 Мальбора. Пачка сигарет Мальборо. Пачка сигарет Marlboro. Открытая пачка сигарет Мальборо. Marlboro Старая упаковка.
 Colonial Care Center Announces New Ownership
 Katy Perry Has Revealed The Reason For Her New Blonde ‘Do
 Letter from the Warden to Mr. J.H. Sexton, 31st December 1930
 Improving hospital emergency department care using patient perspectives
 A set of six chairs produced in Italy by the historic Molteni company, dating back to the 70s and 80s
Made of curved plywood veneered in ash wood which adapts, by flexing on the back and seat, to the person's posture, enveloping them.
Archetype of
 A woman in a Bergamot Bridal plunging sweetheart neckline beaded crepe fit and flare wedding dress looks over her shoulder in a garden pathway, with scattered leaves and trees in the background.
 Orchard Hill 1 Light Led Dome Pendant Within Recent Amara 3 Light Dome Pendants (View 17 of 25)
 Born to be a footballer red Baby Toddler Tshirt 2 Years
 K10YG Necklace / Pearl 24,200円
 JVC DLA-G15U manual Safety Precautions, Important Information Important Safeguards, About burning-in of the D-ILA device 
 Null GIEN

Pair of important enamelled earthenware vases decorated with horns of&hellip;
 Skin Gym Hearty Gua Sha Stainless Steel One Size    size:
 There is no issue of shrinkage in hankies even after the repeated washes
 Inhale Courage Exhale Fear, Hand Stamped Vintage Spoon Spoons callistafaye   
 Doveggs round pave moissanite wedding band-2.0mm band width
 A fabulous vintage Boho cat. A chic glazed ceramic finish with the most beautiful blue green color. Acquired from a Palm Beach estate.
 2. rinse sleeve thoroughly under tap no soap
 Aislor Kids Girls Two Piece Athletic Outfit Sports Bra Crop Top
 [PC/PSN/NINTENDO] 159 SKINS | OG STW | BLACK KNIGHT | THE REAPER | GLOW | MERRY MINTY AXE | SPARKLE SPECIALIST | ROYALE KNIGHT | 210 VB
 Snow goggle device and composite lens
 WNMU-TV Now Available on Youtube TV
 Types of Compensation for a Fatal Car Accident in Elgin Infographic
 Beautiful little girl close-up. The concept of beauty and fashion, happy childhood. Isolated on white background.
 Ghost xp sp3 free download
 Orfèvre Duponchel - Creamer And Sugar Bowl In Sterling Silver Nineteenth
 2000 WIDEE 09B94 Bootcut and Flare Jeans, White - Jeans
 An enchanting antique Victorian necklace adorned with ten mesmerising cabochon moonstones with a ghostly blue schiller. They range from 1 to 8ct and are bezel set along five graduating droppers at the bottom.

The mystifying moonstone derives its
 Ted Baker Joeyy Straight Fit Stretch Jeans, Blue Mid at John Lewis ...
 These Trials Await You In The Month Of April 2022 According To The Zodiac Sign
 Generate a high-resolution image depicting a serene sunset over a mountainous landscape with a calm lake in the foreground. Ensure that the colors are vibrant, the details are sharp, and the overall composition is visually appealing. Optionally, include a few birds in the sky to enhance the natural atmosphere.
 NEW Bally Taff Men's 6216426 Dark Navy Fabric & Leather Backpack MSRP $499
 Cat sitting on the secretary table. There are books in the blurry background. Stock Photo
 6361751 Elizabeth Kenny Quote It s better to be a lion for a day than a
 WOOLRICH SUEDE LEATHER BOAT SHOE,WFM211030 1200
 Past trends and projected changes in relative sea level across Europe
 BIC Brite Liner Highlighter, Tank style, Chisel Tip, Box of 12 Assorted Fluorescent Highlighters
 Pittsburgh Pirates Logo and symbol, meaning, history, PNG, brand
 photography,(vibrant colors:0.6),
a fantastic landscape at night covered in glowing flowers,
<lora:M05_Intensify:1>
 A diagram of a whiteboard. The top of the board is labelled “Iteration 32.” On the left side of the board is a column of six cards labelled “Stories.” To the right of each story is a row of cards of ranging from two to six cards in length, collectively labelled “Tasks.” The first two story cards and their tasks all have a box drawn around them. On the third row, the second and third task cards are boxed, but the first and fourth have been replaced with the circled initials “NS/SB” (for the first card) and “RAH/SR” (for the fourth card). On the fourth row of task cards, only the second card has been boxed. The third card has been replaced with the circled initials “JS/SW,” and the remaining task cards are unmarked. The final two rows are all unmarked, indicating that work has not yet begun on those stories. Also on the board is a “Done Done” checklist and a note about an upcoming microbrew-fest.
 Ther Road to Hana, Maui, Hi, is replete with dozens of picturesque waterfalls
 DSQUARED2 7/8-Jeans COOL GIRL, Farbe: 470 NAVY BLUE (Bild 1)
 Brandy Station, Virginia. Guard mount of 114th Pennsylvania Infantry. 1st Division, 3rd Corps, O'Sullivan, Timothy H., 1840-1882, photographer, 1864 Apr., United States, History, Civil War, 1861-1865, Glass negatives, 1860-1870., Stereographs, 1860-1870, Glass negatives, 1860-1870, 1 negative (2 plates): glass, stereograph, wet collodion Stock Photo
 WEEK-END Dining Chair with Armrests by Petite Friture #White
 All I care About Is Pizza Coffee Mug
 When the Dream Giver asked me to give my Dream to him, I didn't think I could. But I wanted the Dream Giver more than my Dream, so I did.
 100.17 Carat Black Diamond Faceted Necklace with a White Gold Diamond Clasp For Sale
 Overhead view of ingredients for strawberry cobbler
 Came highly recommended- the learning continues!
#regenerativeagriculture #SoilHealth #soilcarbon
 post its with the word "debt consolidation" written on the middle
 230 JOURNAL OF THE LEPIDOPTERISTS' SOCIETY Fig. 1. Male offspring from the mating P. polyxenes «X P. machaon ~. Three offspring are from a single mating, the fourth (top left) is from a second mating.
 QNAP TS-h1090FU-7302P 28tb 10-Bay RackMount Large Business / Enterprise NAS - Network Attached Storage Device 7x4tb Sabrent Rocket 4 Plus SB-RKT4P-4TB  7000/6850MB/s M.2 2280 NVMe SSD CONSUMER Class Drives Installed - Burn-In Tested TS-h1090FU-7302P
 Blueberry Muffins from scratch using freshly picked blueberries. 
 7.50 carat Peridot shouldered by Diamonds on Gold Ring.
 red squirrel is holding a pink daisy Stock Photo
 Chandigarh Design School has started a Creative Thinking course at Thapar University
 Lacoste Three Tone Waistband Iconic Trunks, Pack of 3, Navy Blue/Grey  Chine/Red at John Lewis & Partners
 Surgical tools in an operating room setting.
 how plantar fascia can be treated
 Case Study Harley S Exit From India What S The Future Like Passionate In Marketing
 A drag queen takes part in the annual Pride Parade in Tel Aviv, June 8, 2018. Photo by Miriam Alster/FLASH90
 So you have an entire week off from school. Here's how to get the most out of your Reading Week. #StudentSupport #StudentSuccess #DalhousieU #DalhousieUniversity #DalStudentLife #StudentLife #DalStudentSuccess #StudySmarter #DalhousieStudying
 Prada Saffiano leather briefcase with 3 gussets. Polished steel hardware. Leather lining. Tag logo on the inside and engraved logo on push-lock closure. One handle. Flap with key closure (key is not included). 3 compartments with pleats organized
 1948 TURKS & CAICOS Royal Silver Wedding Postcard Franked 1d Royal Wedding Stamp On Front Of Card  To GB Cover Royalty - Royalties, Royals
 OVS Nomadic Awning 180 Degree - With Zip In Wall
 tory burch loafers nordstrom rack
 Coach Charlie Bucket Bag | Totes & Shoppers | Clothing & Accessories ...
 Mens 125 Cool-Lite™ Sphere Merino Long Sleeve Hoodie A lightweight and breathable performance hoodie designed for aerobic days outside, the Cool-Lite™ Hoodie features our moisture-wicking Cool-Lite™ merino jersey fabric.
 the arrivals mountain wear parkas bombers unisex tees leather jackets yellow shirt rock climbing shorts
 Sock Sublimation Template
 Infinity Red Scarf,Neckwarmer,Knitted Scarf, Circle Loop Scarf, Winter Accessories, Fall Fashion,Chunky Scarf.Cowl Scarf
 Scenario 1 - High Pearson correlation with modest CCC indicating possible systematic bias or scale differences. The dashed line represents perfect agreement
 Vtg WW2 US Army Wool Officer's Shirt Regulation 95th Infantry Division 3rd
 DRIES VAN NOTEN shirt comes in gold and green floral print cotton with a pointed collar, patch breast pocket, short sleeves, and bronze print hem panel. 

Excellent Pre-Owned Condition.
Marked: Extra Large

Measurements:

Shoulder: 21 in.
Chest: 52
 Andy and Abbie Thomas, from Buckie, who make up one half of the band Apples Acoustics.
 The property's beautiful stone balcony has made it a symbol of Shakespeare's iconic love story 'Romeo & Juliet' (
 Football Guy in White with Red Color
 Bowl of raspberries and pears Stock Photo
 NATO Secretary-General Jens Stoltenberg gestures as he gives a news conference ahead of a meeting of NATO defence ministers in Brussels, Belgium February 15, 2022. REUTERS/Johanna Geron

(Work to be completed): The task calls for every line of the material that contains the string "Stock".

(Task solution):
 Cat sitting on the secretary table. There are books in the blurry background. Stock Photo
 Brandy Station, Virginia. Guard mount of 114th Pennsylvania Infantry. 1st Division, 3rd Corps, O'Sullivan, Timothy H., 1840-1882, photographer, 1864 Apr., United States, History, Civil War, 1861-1865, Glass negatives, 1860-1870., Stereographs, 1860-1870, Glass negatives, 1860-1870, 1 negative (2 plates): glass, stereograph, wet collodion Stock Photo
 red squirrel is holding a pink daisy Stock Photo
 Bowl of raspberries and pears Stock Photo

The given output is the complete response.